It’s becoming more common for pipelines ? even cathodically protected ones ? to experience external corrosion due to induced alternating current. This induced AC corrosion can be difficult to detect, let alone control, without an understanding of what it is and how it occurs. This article covers the fundamental concepts behind this unique type of corrosion, along with strategies for controlling it and protecting pipeline personnel from AC-related safety hazards.
Key Facts About Induced AC Corrosion
Over the last decade, corrosion experts, regulatory agencies and pipeline owners have increasingly devoted resources to understanding, detecting and controlling induced AC corrosion. Although this phenomenon is still under study, the corrosion control industry has an ever better understanding of it than in the past.
AC Coupling Plays a Major Role
It’s widely accepted that AC coupling can introduce significant safety hazards, as described in SP0177-2014, a standard originally published by the National Association of Corrosion Engineers (NACE) in 1977. What’s emerged more recently is that this same AC coupling can also contribute to AC corrosion, despite the presence of a properly designed and installed cathodic protection system.

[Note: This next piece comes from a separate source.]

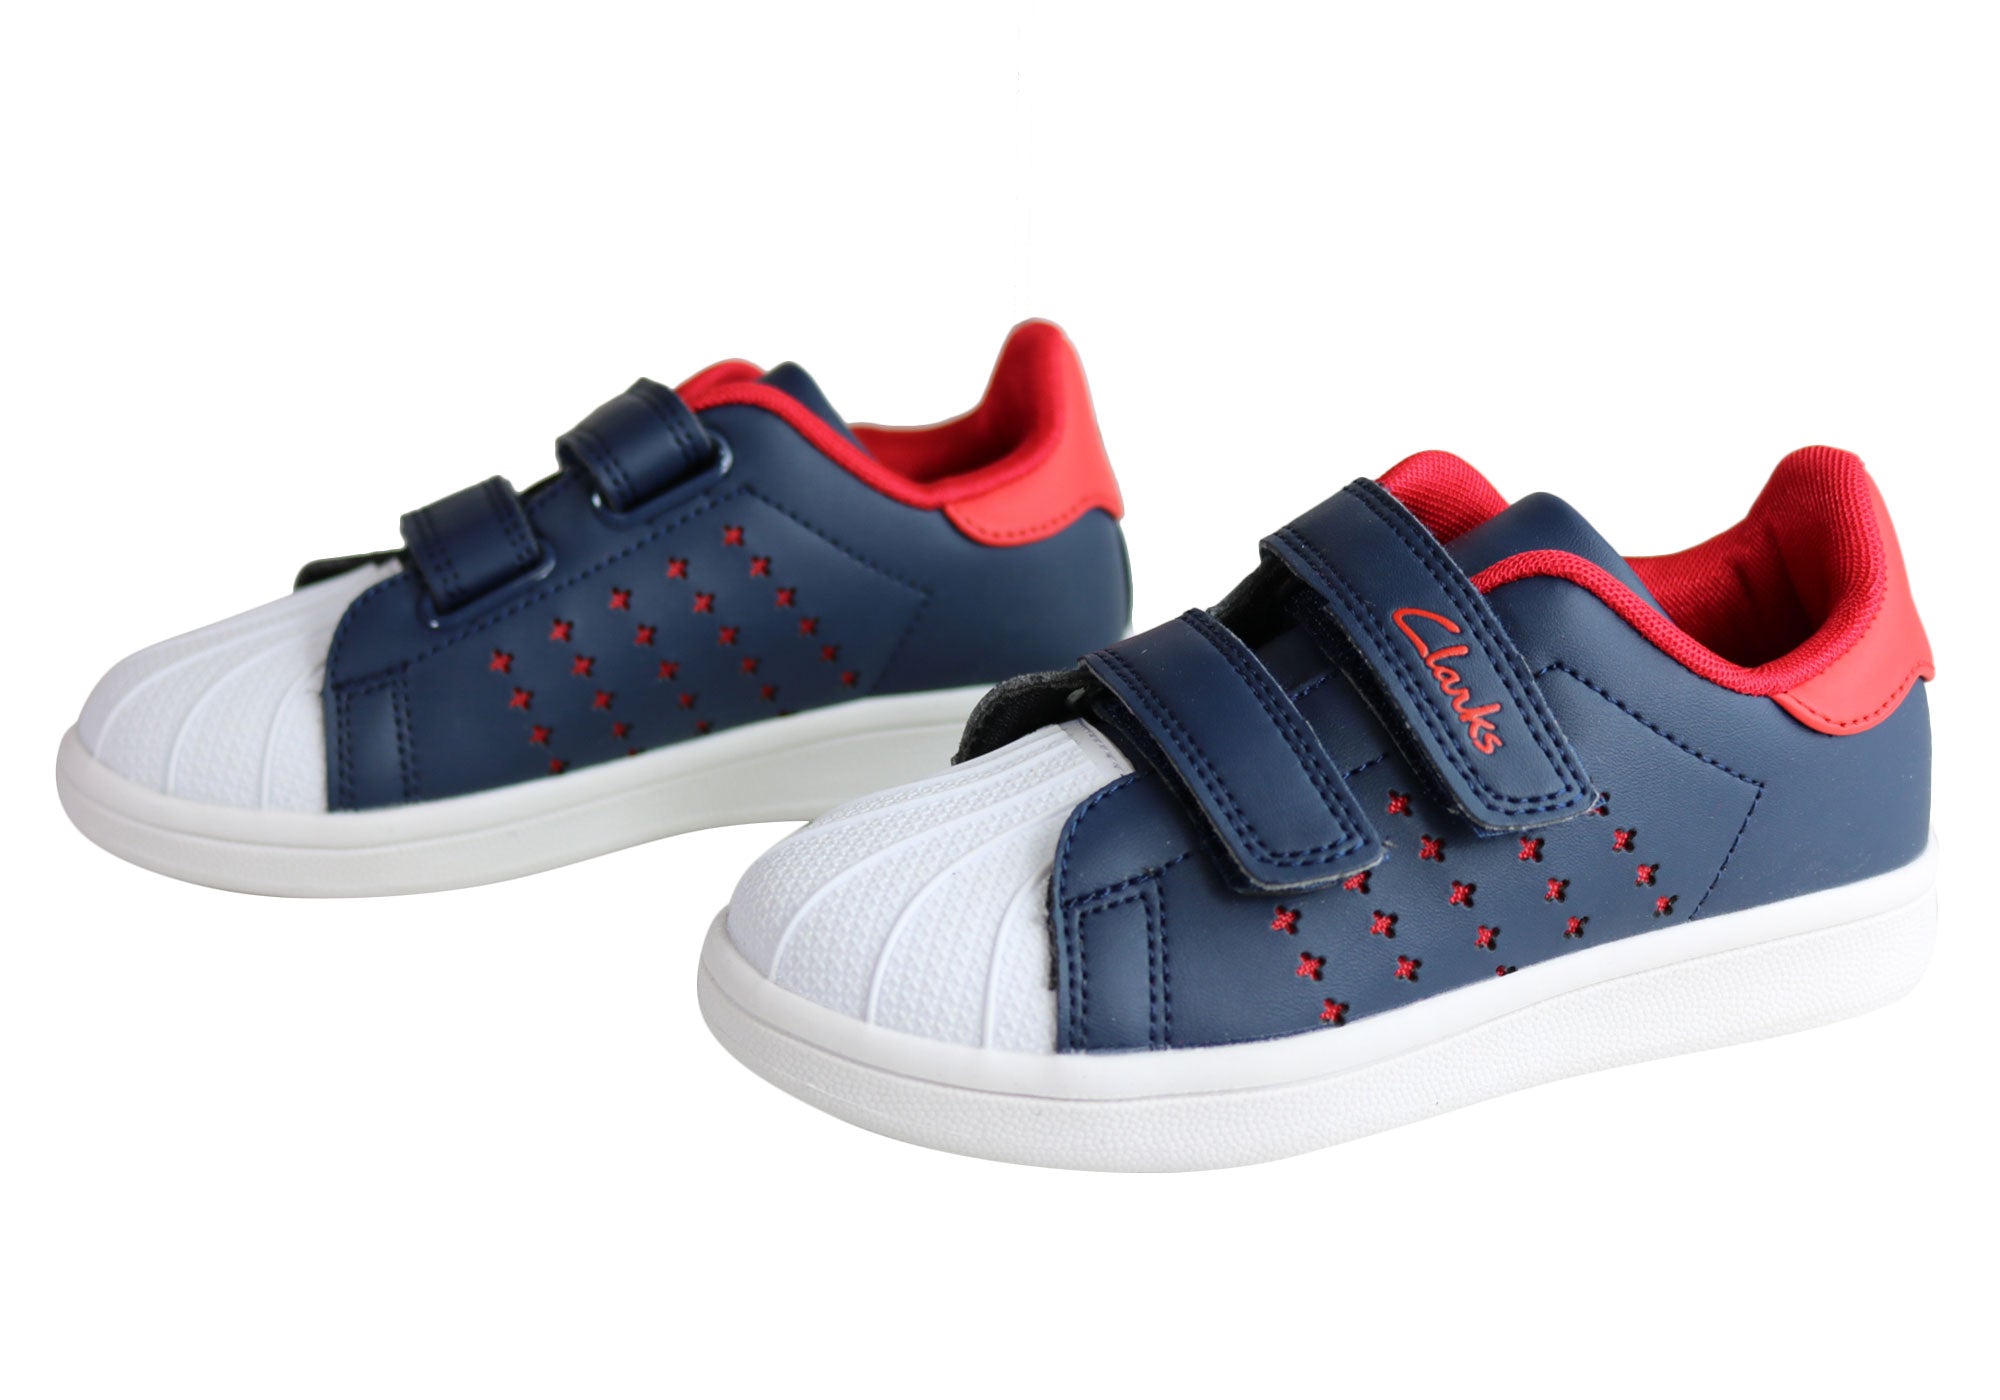 boys navy casual shoes

NACE describes this phenomenon in its 2010 technical committee report, AC Corrosion State-of-the-Art: Corrosion Rate, Mechanism and Mitigation Requirements.
There are three types of AC coupling: resistive, capacitive and inductive. The first two primarily introduce personnel safety hazards while the third significantly contributes to AC interference by continuously coupling AC power to an adjacent pipeline through the presence of an alternating magnetic field associated with operation of the high-voltage AC (HVAC) system.
Induced AC corrosion is becoming more of a problem today due, in large part, to the frequency at which pipelines and HVAC power systems are being co-located in shared rights-of-way (ROWs). In North America, the reason for this increase in co-location begins with shale plays. As these plays generate oil and natural gas at a feverish pace, the need to build infrastructure to move product to market is intensifying.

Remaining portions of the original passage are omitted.